Als sie Du Cheng jedoch so sah, war ihr alles andere ab diesem Zeitpunkt egal.
Für sie war das Leben ihres Vaters wichtiger als alles andere; alles andere konnte warten.
Du Cheng stieß daraufhin die Tür zum Operationssaal auf, und sofort richteten sich alle Blicke im Saal auf ihn.

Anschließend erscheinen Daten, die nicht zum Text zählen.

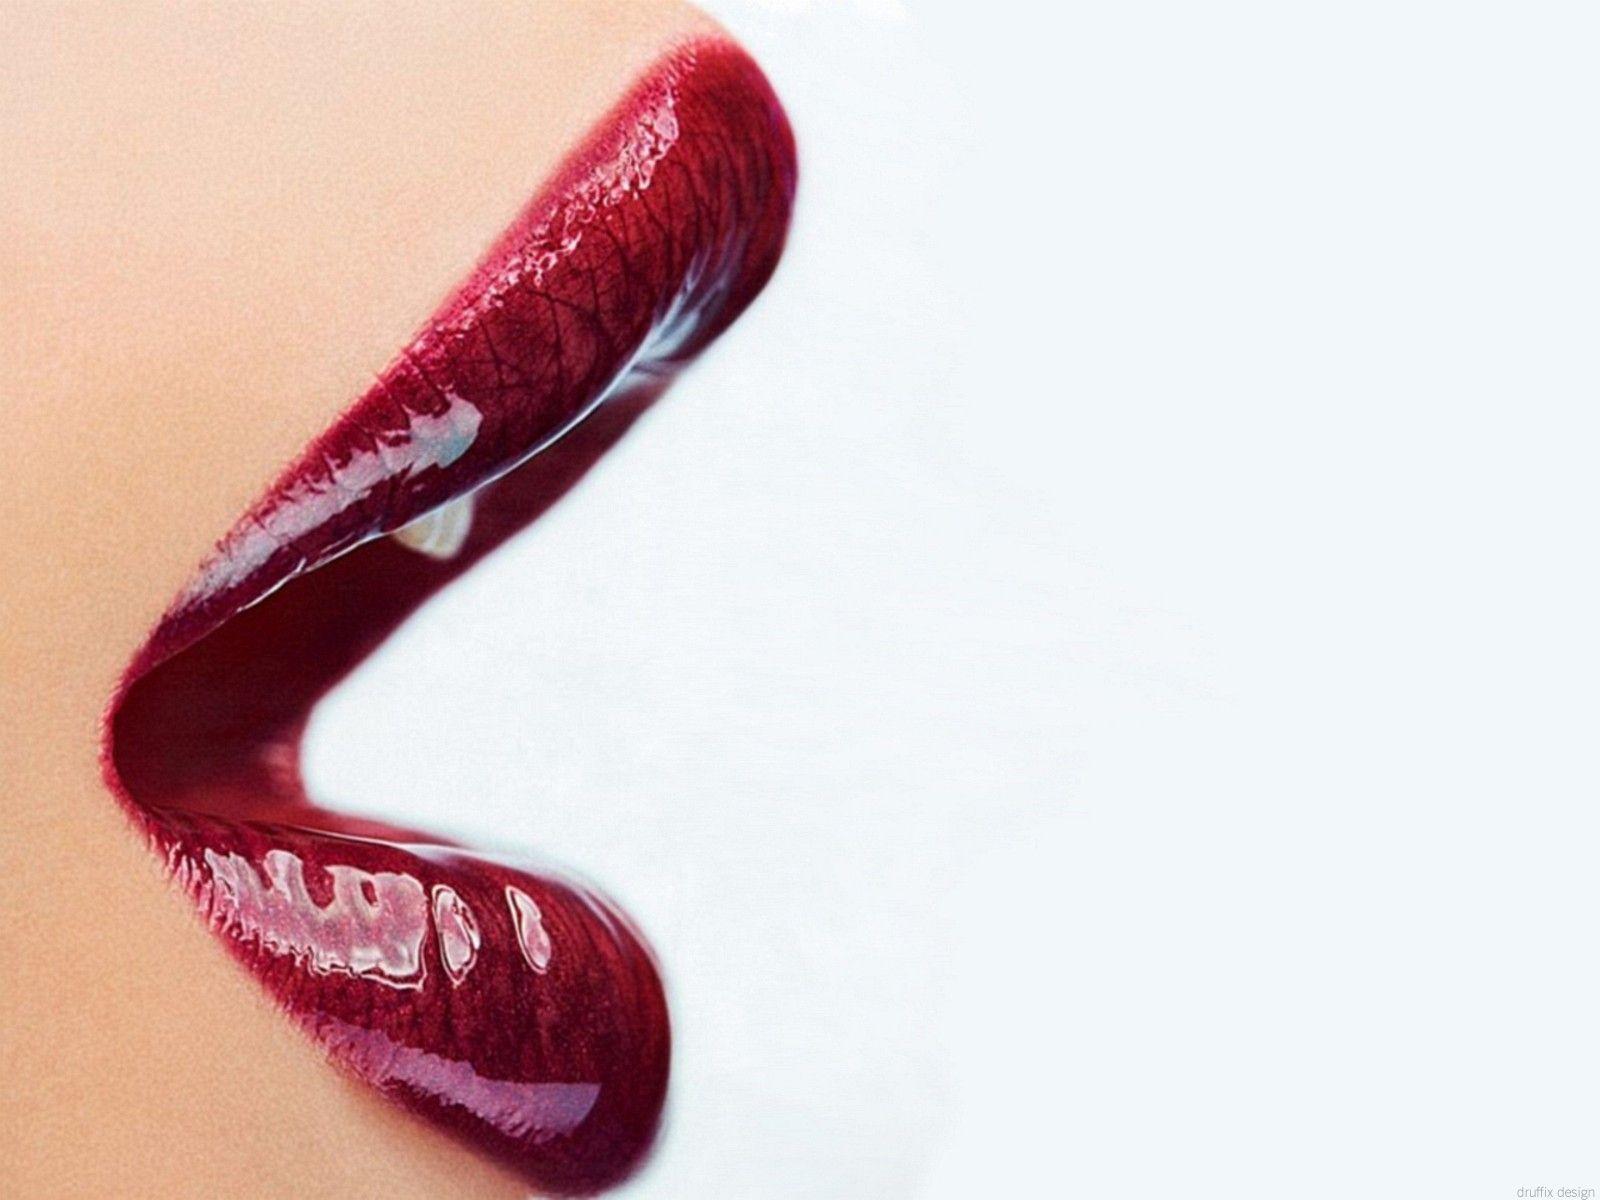 http://3.bp.blogspot.com/_ea0dI5k-rv0/TRPRSfPgTpI/AAAAAAAAA_4/9zOZLxIl_sI/s1600/Woman-Glossy-Red-Lips-1-1152x864.jpg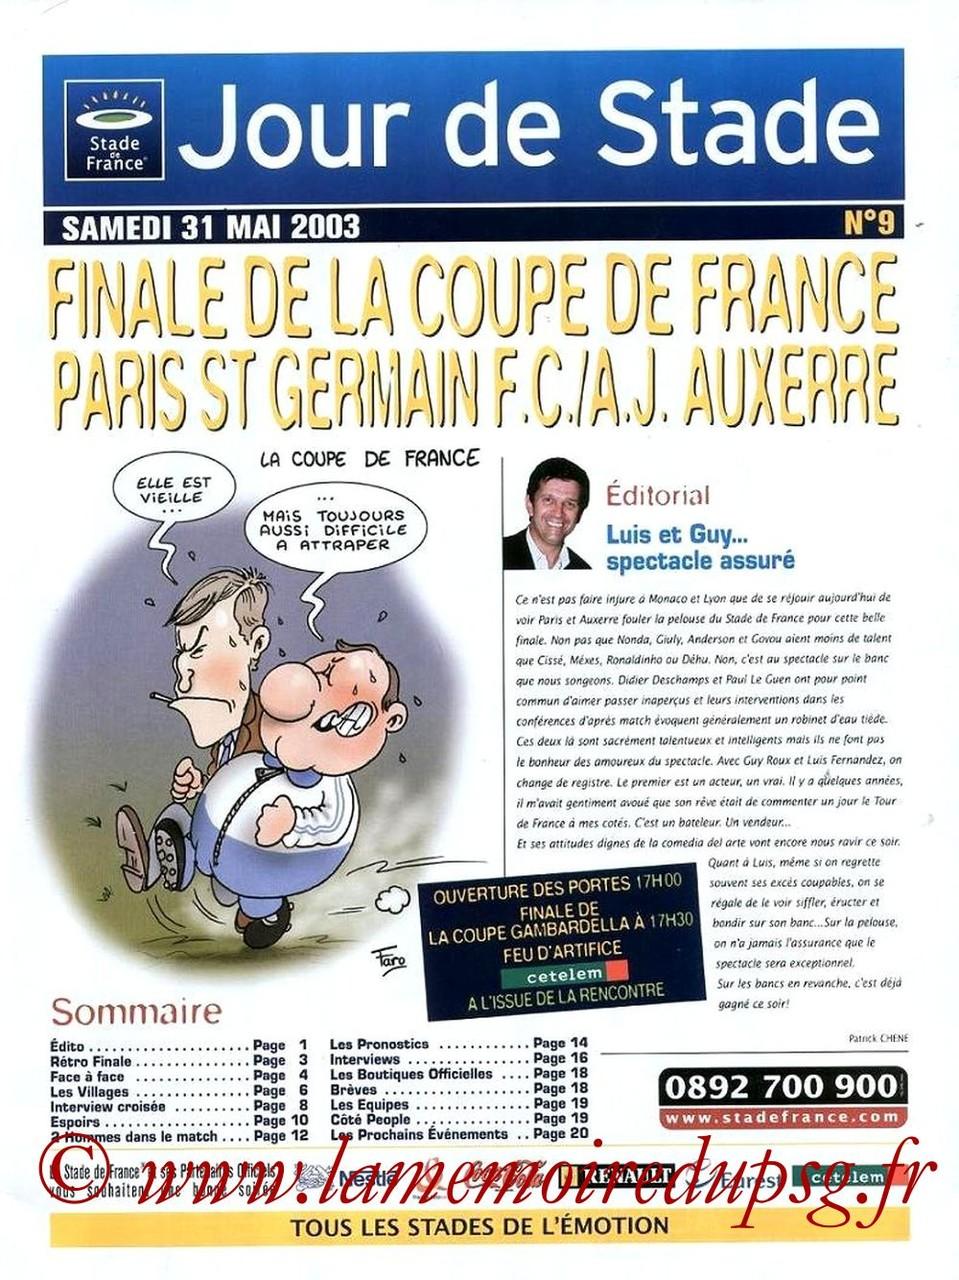 2003-05-31  PSG-Auxerre (Finale CF au Stade de France, Jour de Stade N°9)

In der gesamten Halle befanden sich neben Wang Ze und Qiu Guifang auch der Krankenhausdirektor, acht hochqualifizierte Krankenschwestern und acht der erfahrensten Chirurgen. Alle bereiteten sich auf diese Operation vor.
Auch Wang Jichu war anwesend; er lag auf dem Krankenhausbett und war bereit, jederzeit in den Operationssaal geschoben zu werden.
Wang Jichu lag zu diesem Zeitpunkt jedoch bereits im Koma. Hätte er sich keiner Operation unterzogen, hätte er, selbst wenn er aufwachen würde, wahrscheinlich nicht mehr lange gelebt.
Unter diesen Umständen war eine Operation äußerst dringend.
Abgesehen von Qiu Guifang und Wang Ze, die wussten, dass Du Cheng dort war, um eine Operation durchzuführen, waren die anderen Krankenhausdirektoren und andere Beteiligte sich dessen nicht bewusst.
"Du Cheng, kannst du deinem Onkel wirklich vertrauen?"